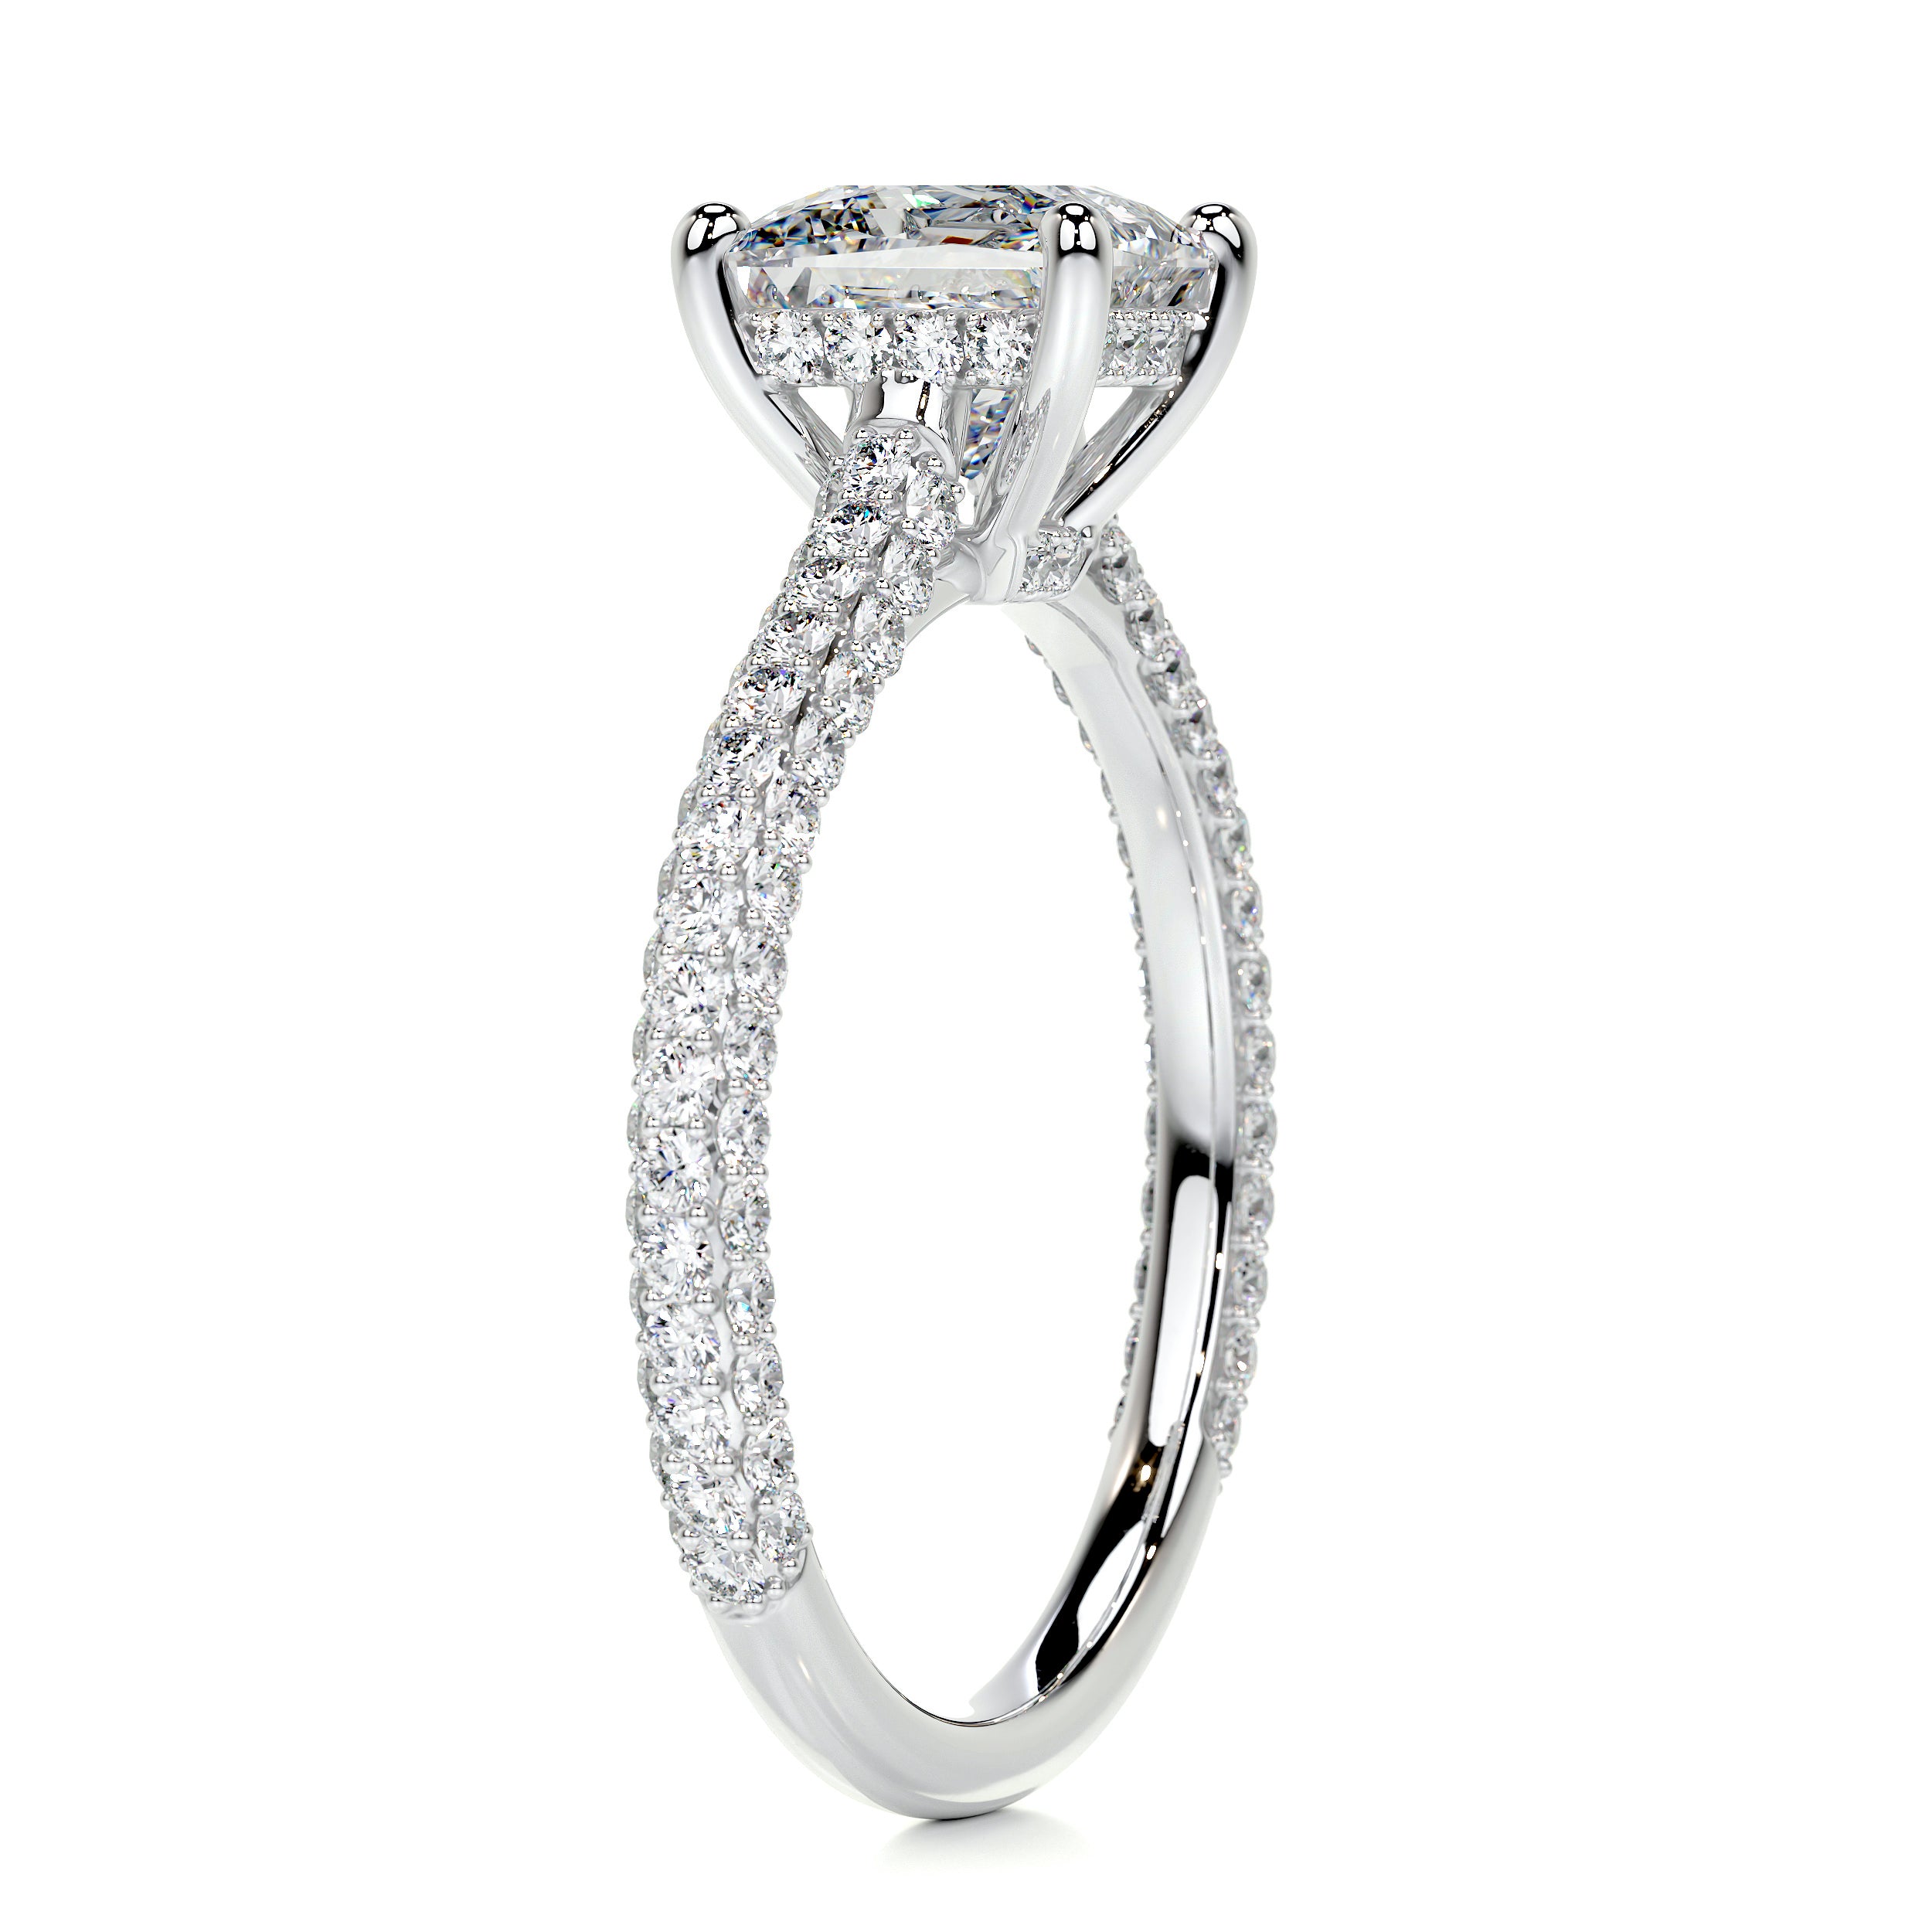 Fiona Diamond Engagement Ring   (2.50 Carat) -Platinum
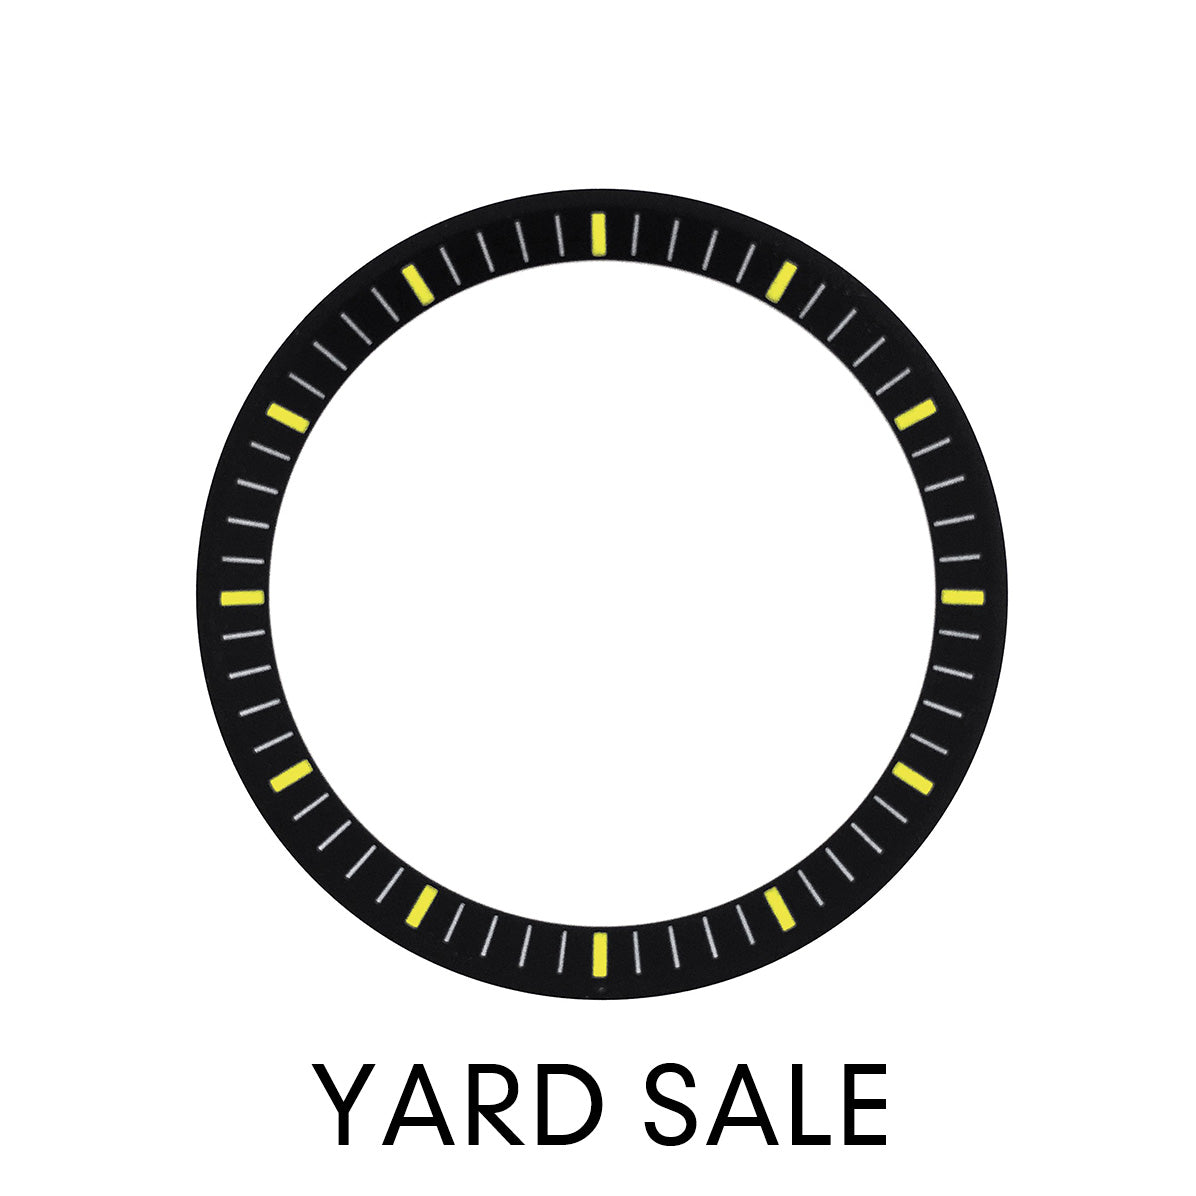 YARD SALE - C.R. - Urchin - Matt Black w Markers (Yellow)
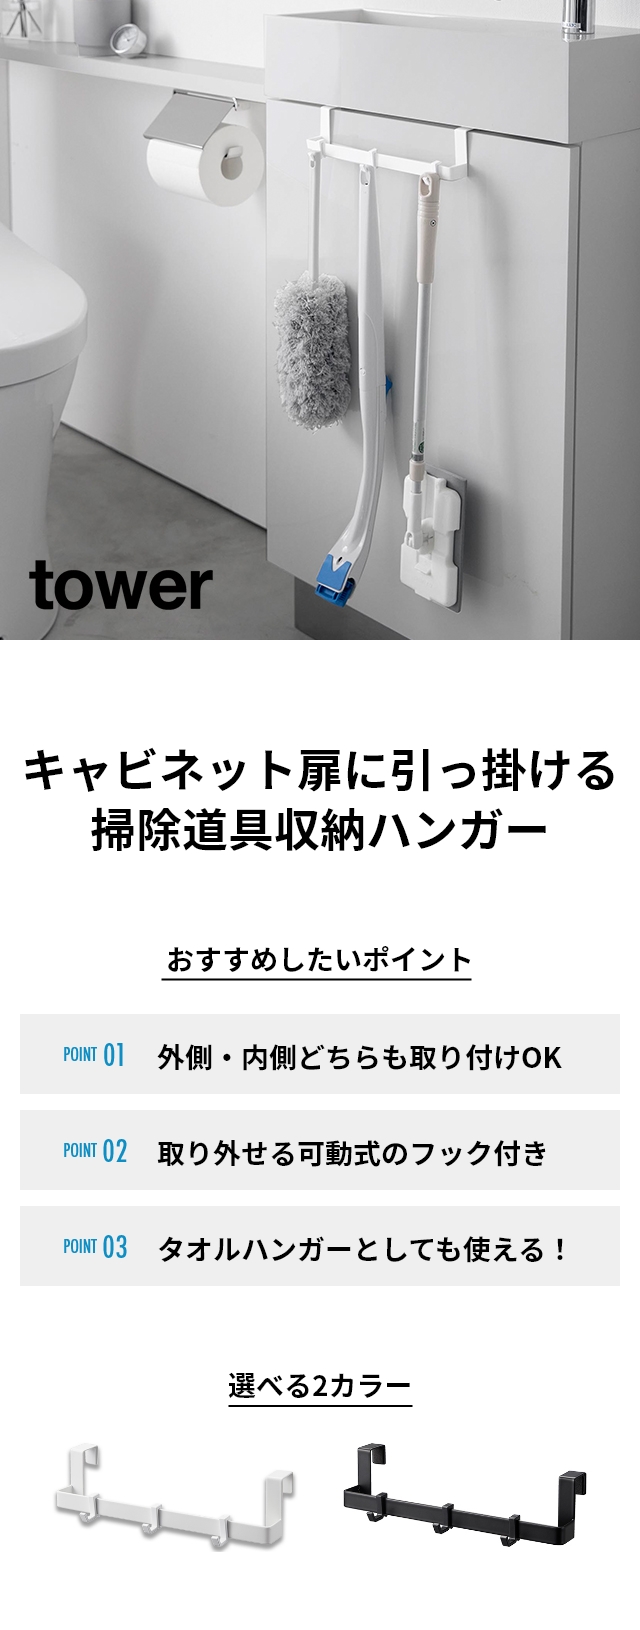 tower(タワー) トイレキャビネット扉ハンガー

=-=-=-=-=

■ TASK BRIEF
Your answer must be the full listing, reproduced word for word, without its pictures.

■ TASK RESULT
 Fiona Diamond Engagement Ring   (2.50 Carat) -Platinum
 YARD SALE - C.R. - Urchin - Matt Black w Markers (Yellow)
 tower(タワー) トイレキャビネット扉ハンガー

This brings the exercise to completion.